-------- Source material --------

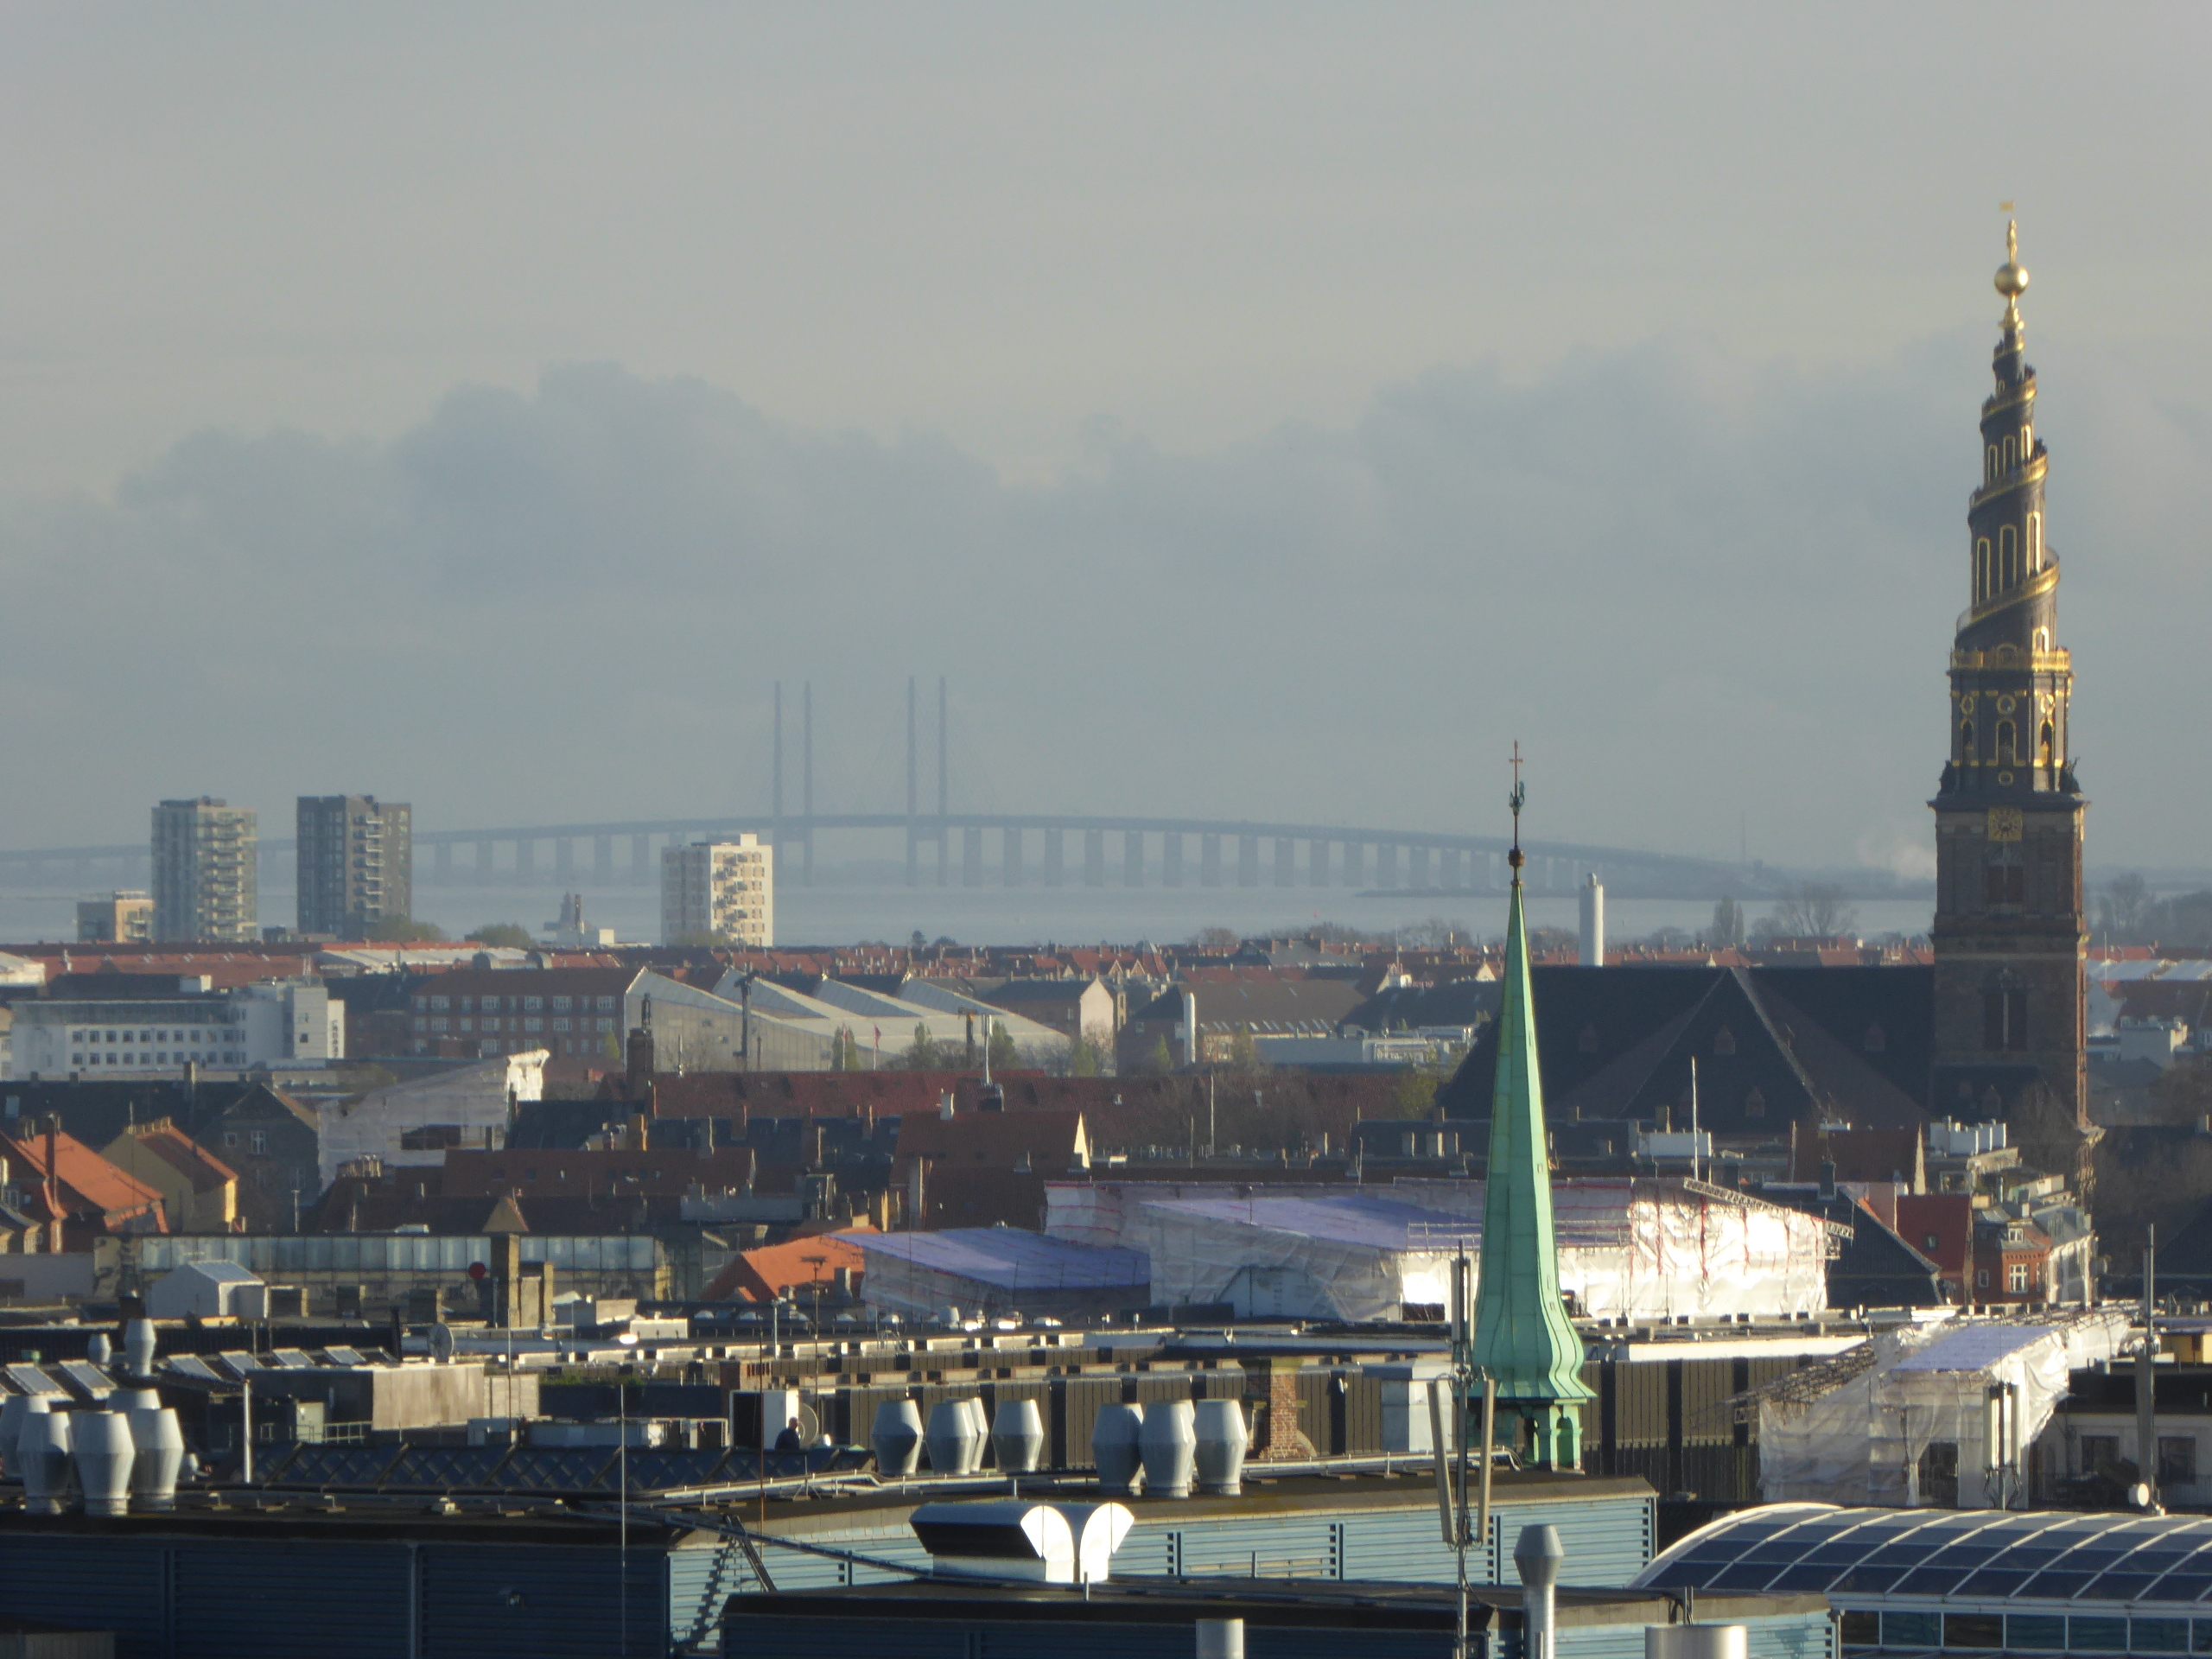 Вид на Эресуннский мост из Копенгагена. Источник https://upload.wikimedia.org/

--------
-------- Source material --------

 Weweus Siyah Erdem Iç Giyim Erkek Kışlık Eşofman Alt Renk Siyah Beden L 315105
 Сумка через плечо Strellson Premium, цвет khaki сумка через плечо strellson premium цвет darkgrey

--------

* What you need to do
Using the listing above, return word for word each line from the one that has "Weweus Siyah Erdem" through the one that has "Сумка через плечо Strellson Premium, цвет", and no line outside that range.

* Written solution
 Weweus Siyah Erdem Iç Giyim Erkek Kışlık Eşofman Alt Renk Siyah Beden L 315105
 Сумка через плечо Strellson Premium, цвет khaki сумка через плечо strellson premium цвет darkgrey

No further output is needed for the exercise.